Repeat the full listing below verbatim and keep the images out.

→ **Provided material**:
####
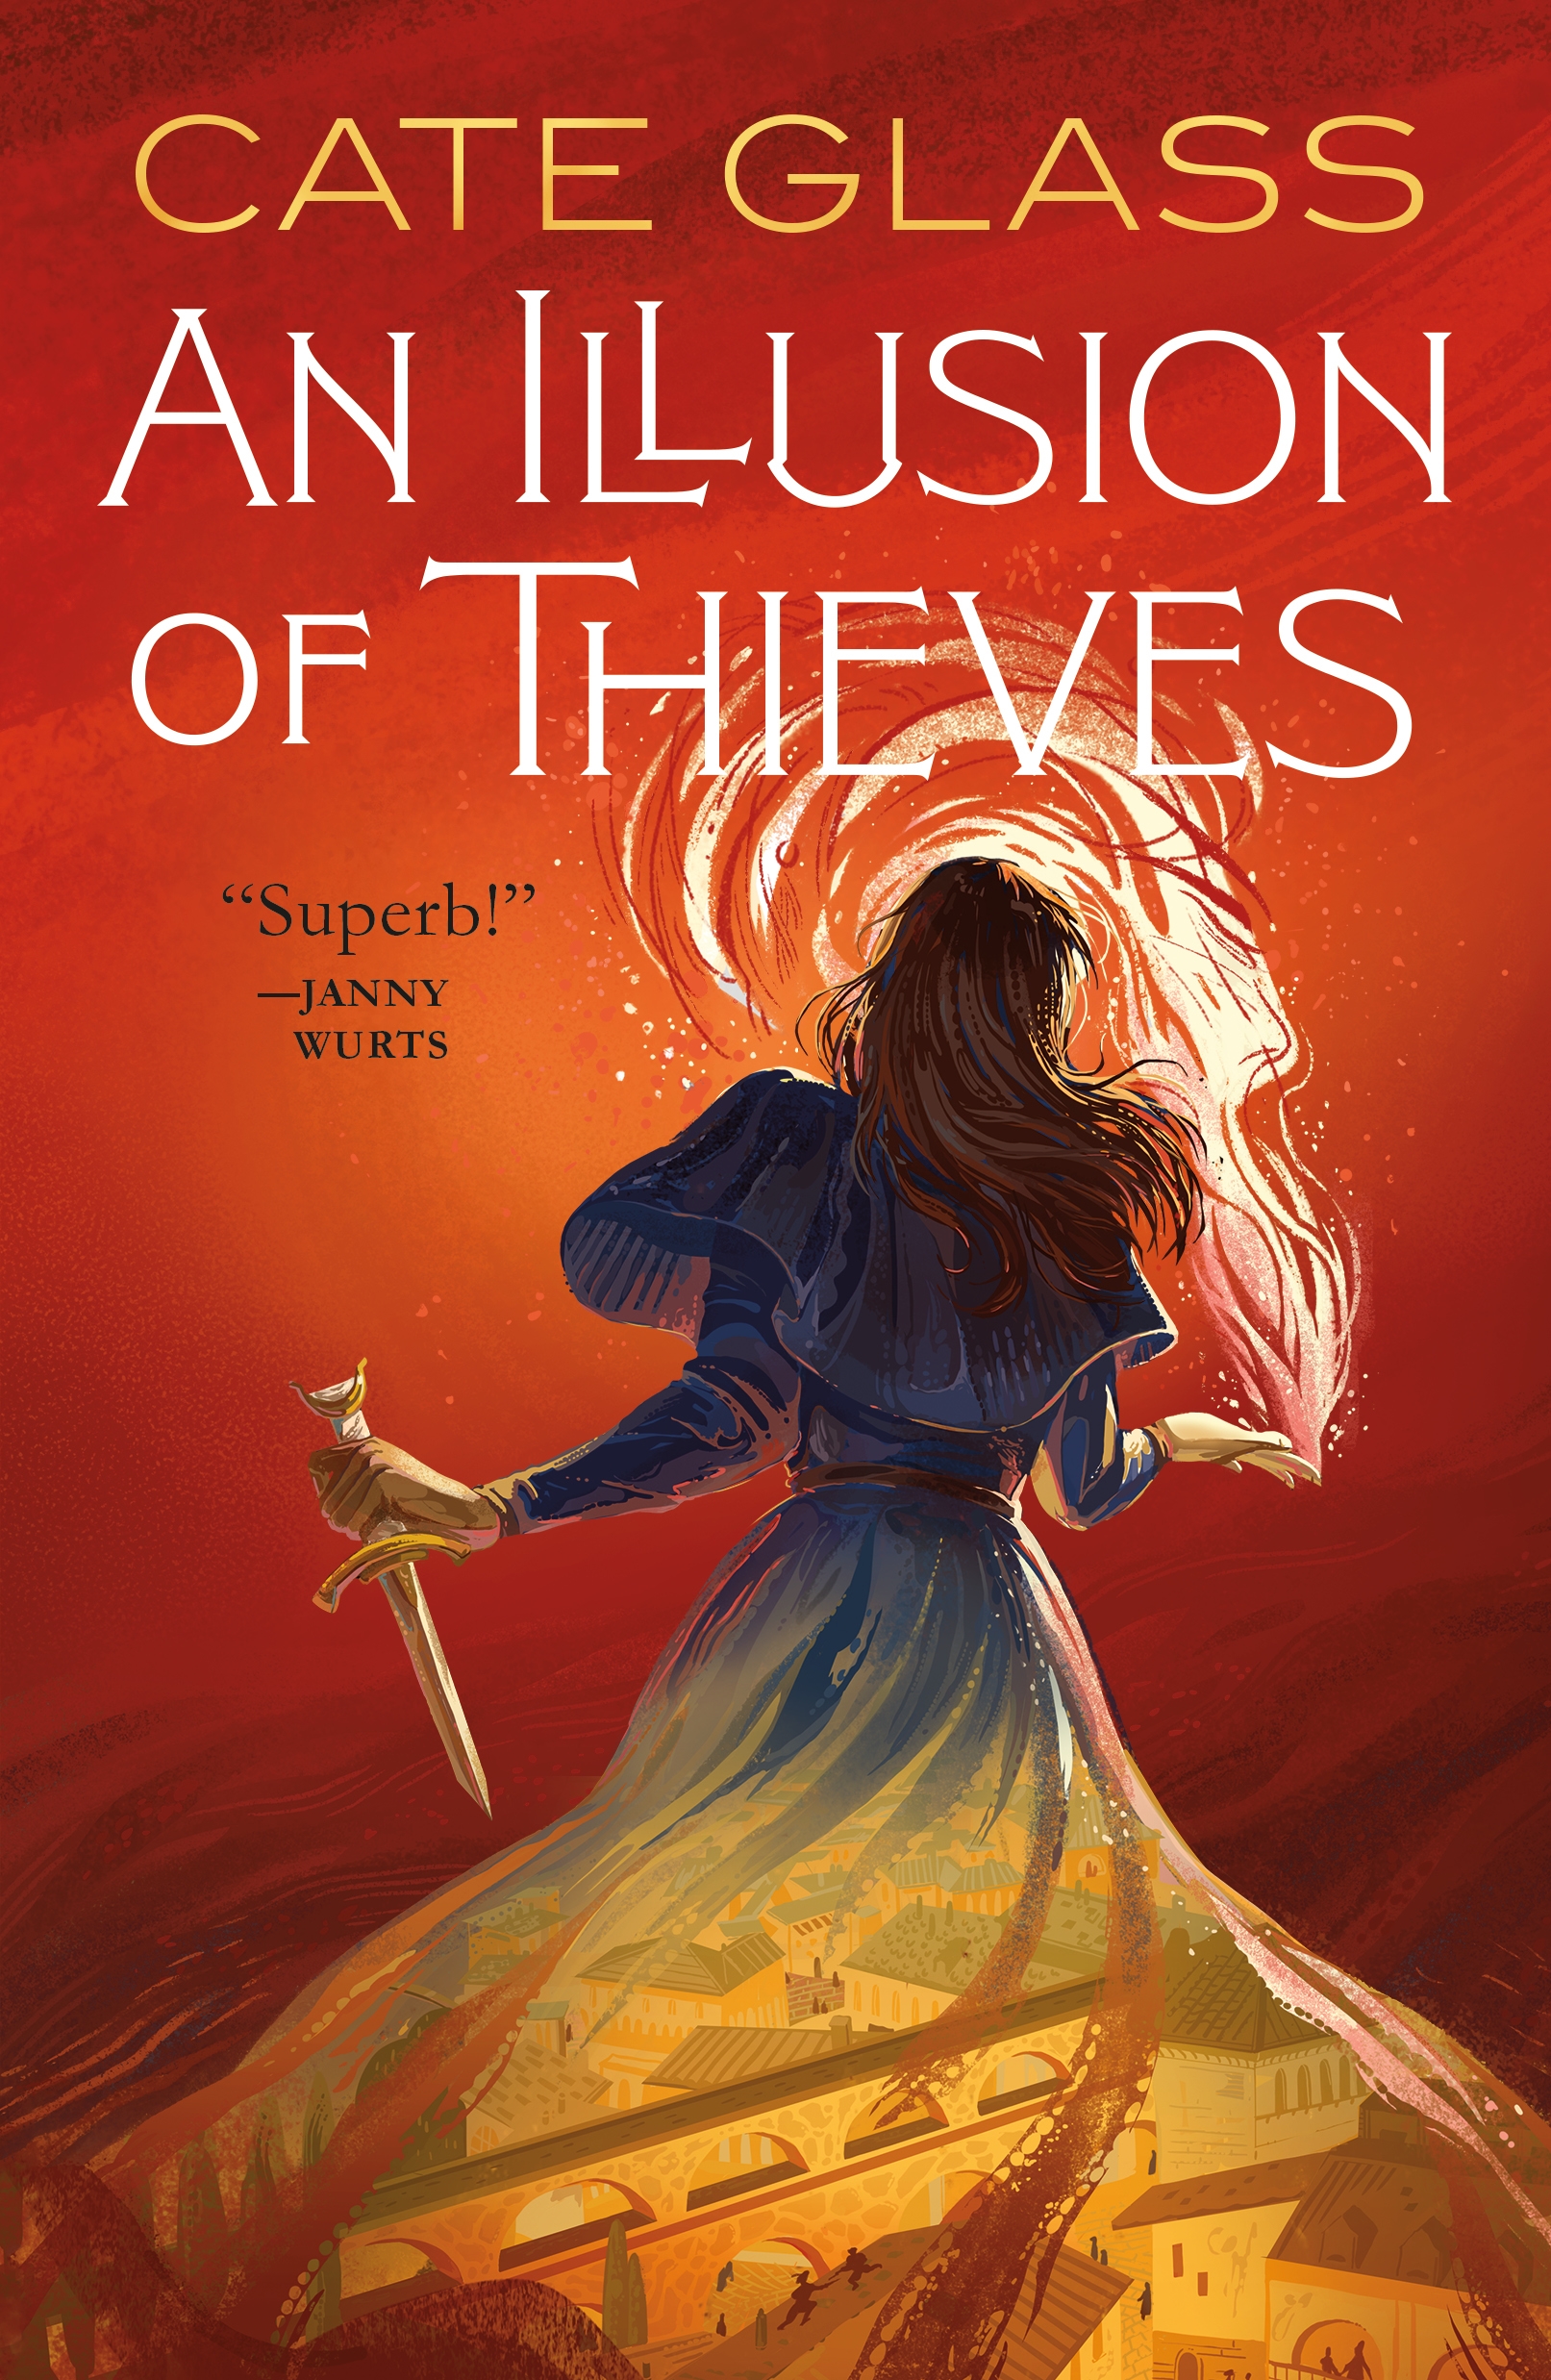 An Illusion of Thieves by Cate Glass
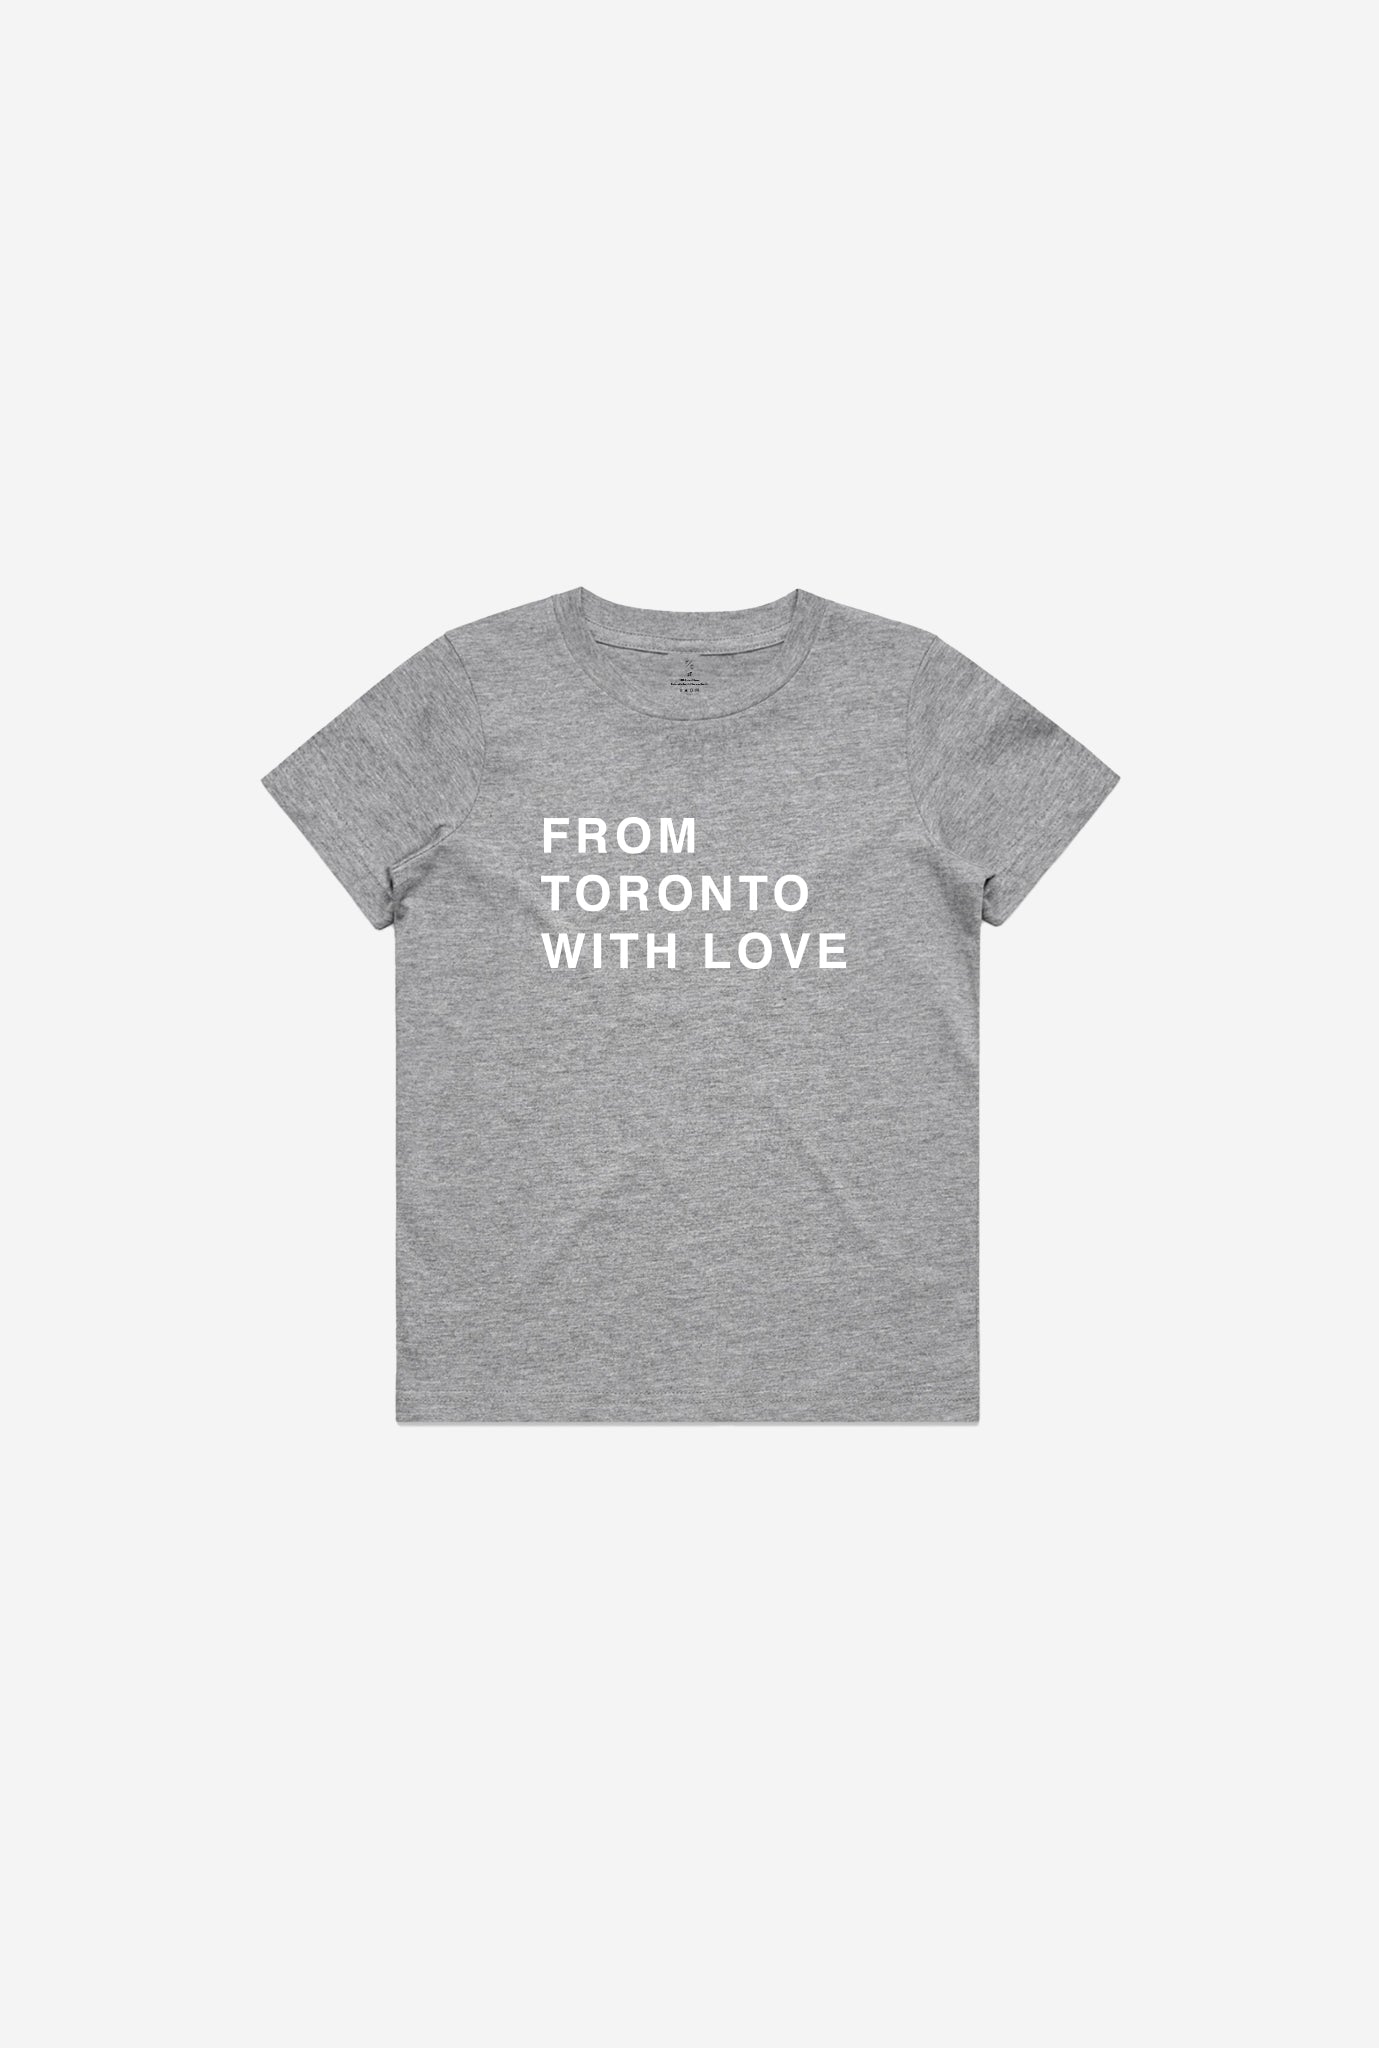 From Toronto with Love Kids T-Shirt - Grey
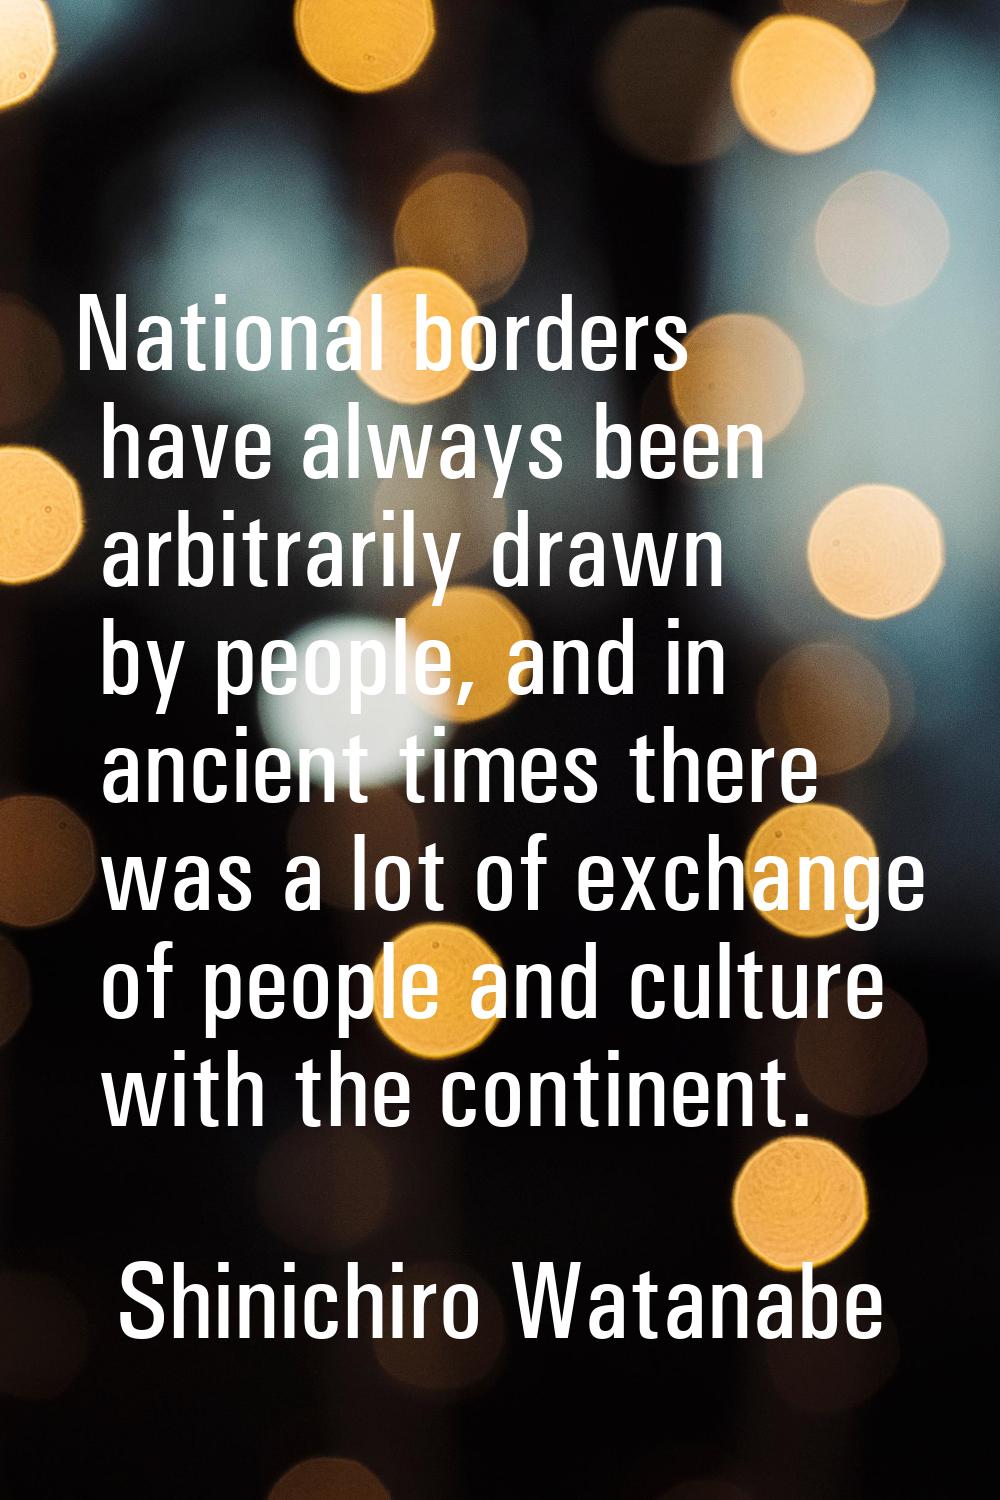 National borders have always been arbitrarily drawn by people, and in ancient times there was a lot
####
→ **Response box**:
 An Illusion of Thieves by Cate Glass
 From Toronto with Love Kids T-Shirt - Grey
 National borders have always been arbitrarily drawn by people, and in ancient times there was a lot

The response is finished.